Give a verbatim copy of the lines below, minus the pictures.
***** SUPPLIED MATERIAL
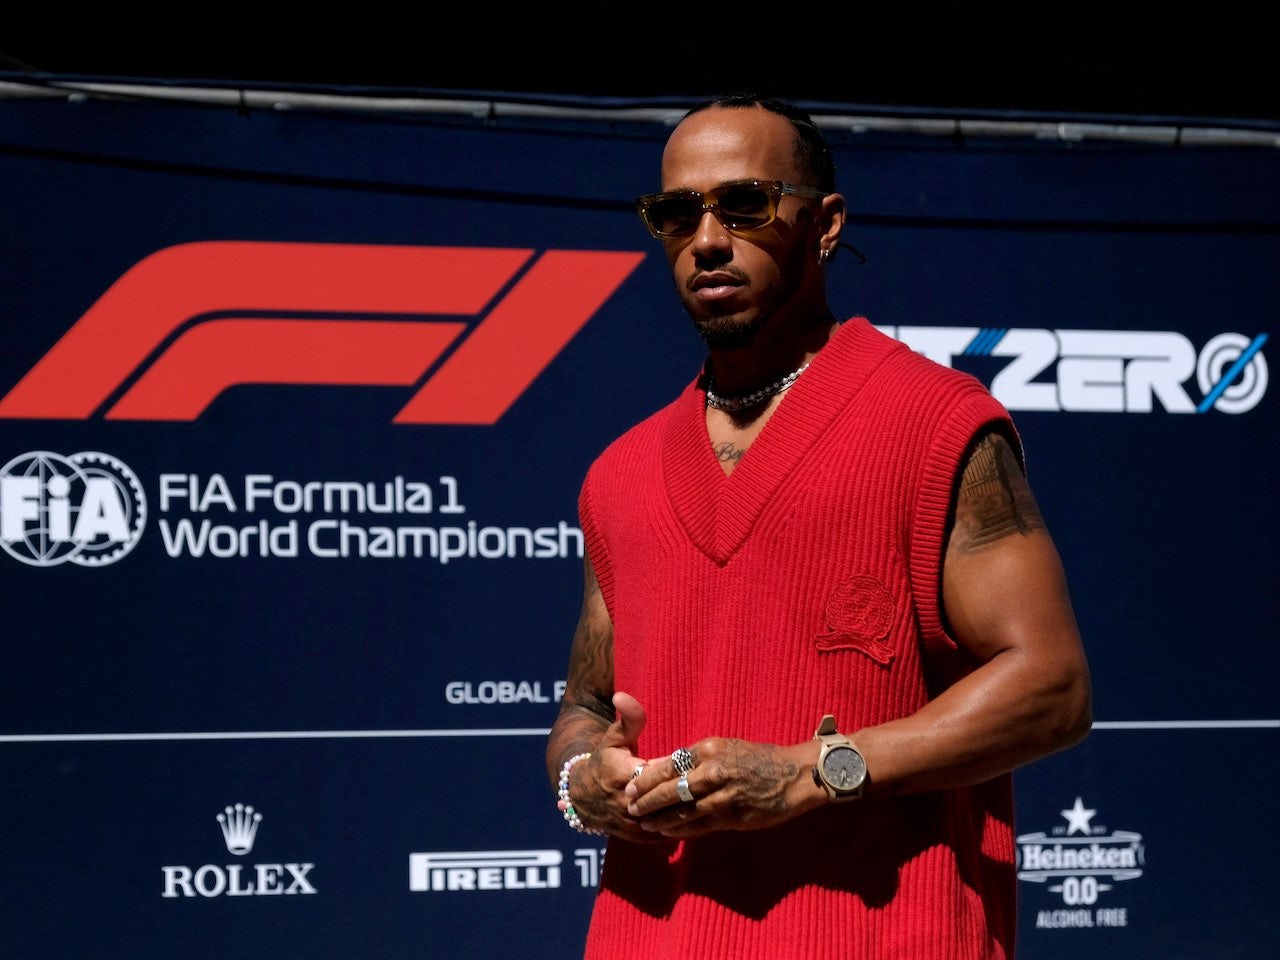 Hamilton news a blow to Ricciardo's future
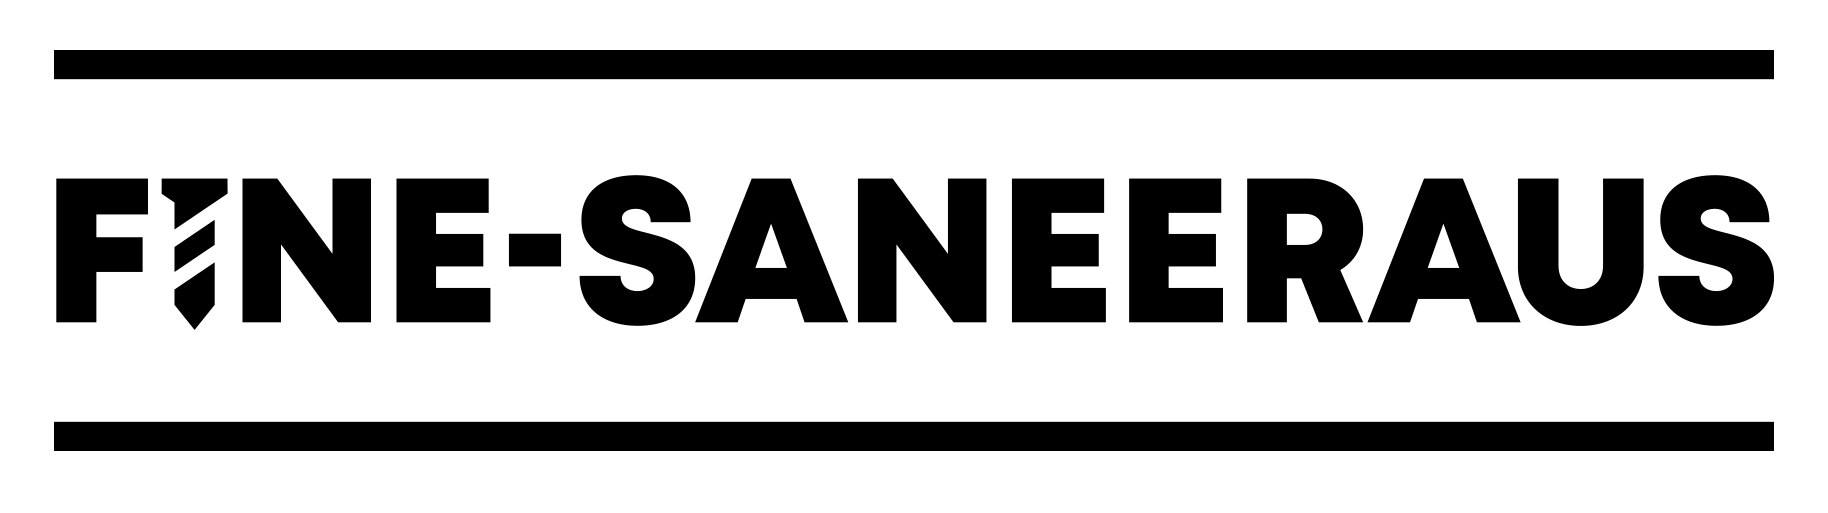 Finesaneeraus Logo
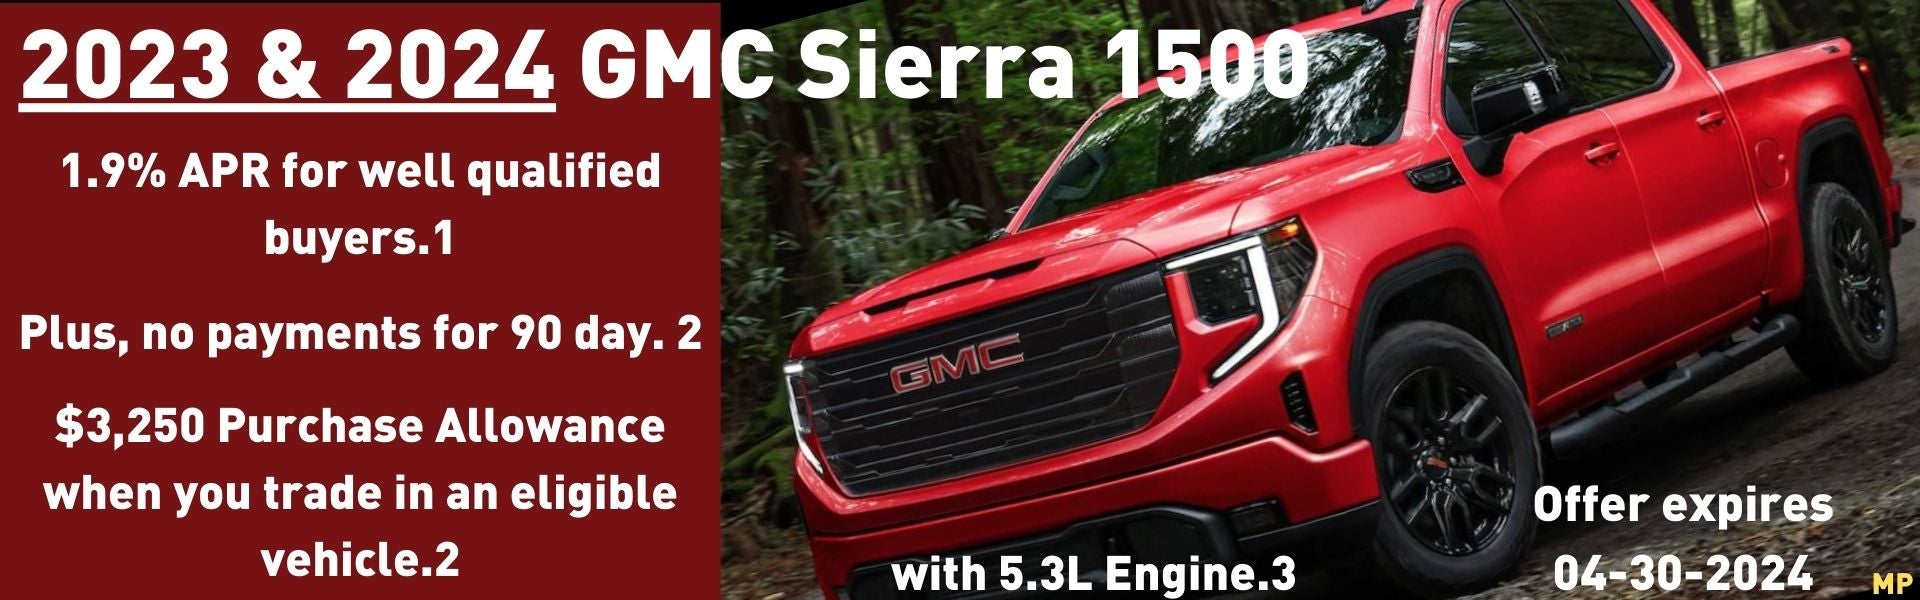 2023 GMC Sierra 1500 offer
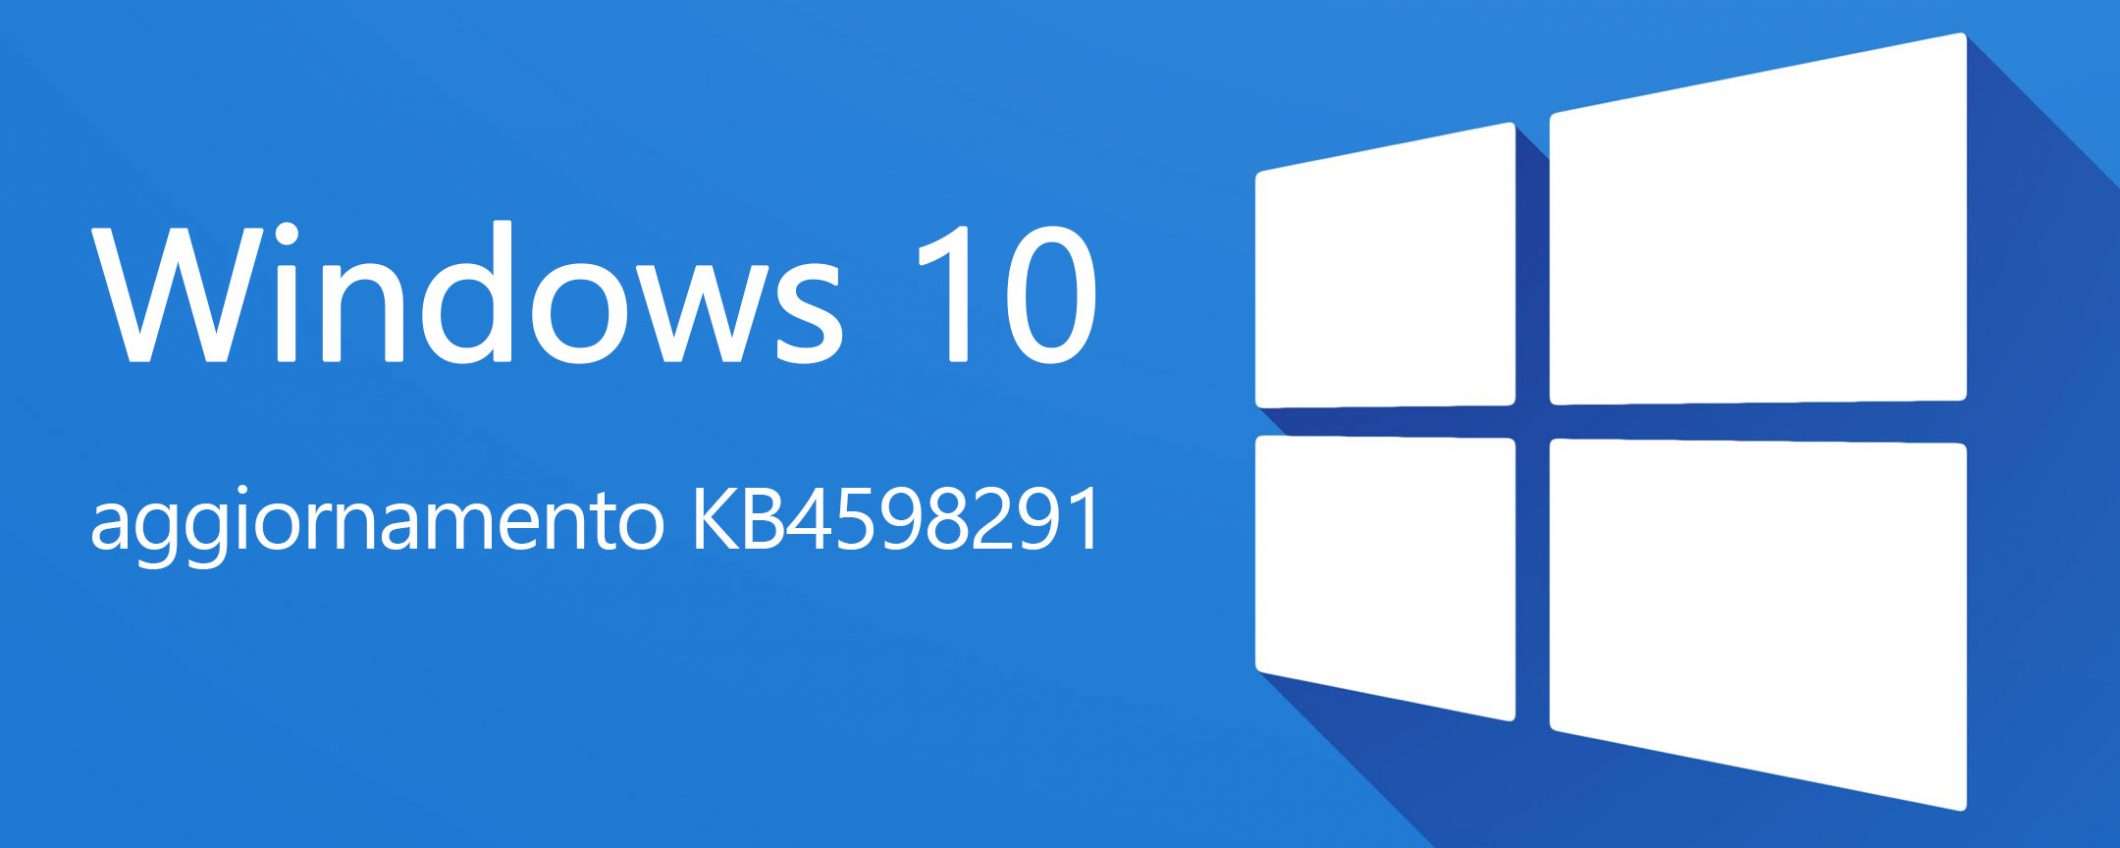 Windows 10: bugfix e bug nell'ultimo update
**********
• **ANSWER TO THIS TASK**:
 Hamilton news a blow to Ricciardo's future
 Finesaneeraus Logo
 2023 GMC Sierra 1500 offer
 Windows 10: bugfix e bug nell'ultimo update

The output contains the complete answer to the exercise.